Más que las tripas («Eran capítulos que pasaban y los dejaba atrás», comentó Márquez), son los nimios detalles los que acamparon en su memoria. A Pérez-Reverte le persigue una persecución: la de un perro con una pata rota en el Líbano («el horror es un perro que te mira»)… Un niño con un peluche levantando el puño a su paso… Las botas dejando huellas de sangre… Pero el «momento de la soledad del hotel», según Pérez-Reverte, siempre llegaba: «Márquez se apoyaba sobre la pared y fumaba. Yo leía mucho».

Al reportero gráfico le ha seguido toda la vida una imagen de Yugoslavia: «Una niña musulmana, de 6 o 7 años, vivía a cincuenta metros de un control que le disparaban todos los días. La madre la había dejado en manos de su abuelo y se había marchado a Italia. Esta niña, todos los días, iba al edificio de Naciones Unidas a pedir que la dejaran llamar a su madre para hablar con ella. Un día lo consiguió y la madre le dijo “No puedo hablar contigo”». «Eso es la guerra», apostilló su excompañero de faenas.

Un reloj y un nombre

Hace 25 años, Reverte dejó por escrito en «Territorio comanche» las tres causas de muerte como reportero de guerra: la mala suerte, la inexperiencia o la ley de las probabilidades, o sea, porque toca y punto. «Me acuerdo mucho de Julio Fuentes y Miguel Gil [“El Muyahidín”], que era abogado en Barcelona y unas vacaciones decidió irse a Yugoslavia a ver qué pasaba allí», rememoró Márquez. «Somos unos supervivientes. Hemos tenido mucha suerte», continuó.

Eso sí, Reverte avisa de que la buena y la mala suerte hay que «adiestrarla» («porque acaba») mediante la experiencia.
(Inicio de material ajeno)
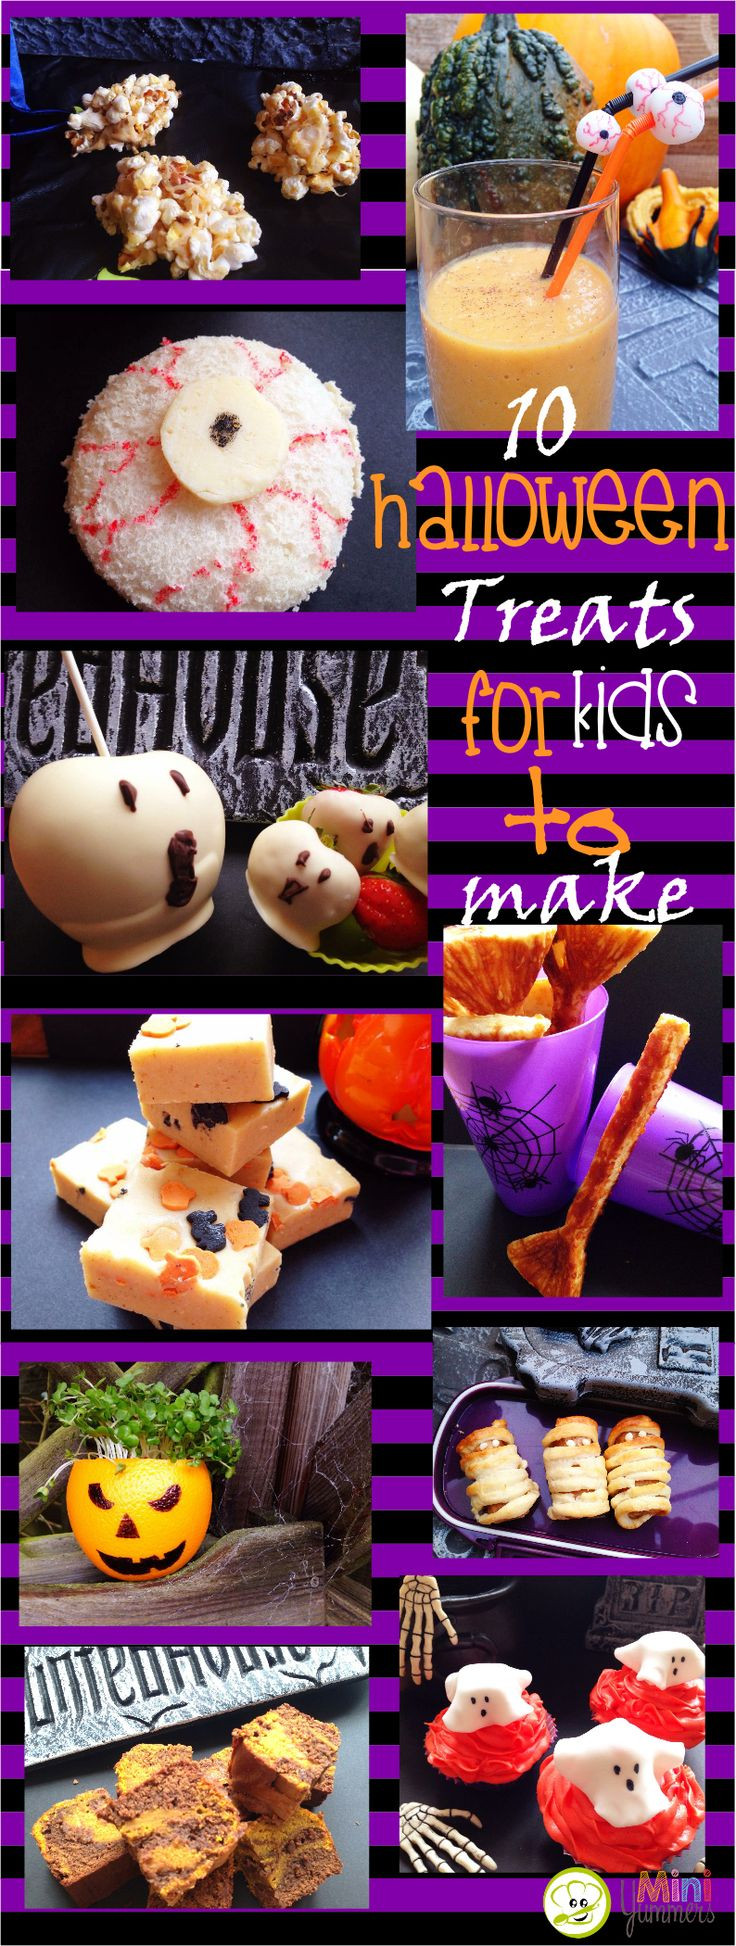 Cheap Halloween Party Ideas For Kids
 17 Best images about Cheap Halloween Party Ideas on

Lo mencionó en la novela, cuando en una encrucijada en Vukovar (Croacia), Márquez deduce que el camino de la izquierda podría tener minas a raíz de la hierba no pisada. La suerte fue que les pilló de día y no de noche. Aunque, para mala suerte, la de «Jose» en Eritrea, durante 1975, donde se cayó por un precipicio, «desde veinte metros de altura», y se rompió la espalda.

«Ahora la gente sabe que la televisión es también un arma de guerra»

Pero el televisor siempre está ahí, recordándoles sus años mozos e inflando el mono de volver. «Es ver la tele y decir “ahí tenía que estar yo”», reconoció Márquez. Pero aquel Periodismo ya no existe. El excámara señaló literalmente su teléfono móvil como el acabose del oficio. «Ahora la gente sabe que la televisión es también un arma de guerra», justificó Reverte, resignado con que ahora «mover conciencias un día no vale para nada».

Y por aquel camino se dejaron la salud, el matrimonio… Márquez, de hecho, se divorció en cuanto acabó la guerra. Ya se había dejado por escrito en «Territorio comanche»: «Quizá por eso su mujer no se había divorciado aún: porque existían guerras a las que mandarlo». Algo quedó, sí: como aquel rolex que Márquez se había prometido a sí mismo como premio de jubilación y se lo acabó regalando Reverte con un pellizquito de «Territorio comanche». Fue durante una cena en Casa Lucio. «Toma, gilipollas, tu puto rolex». Y el impasible Márquez lloró; casualidad o no, uno de sus hijos se llama Arturo.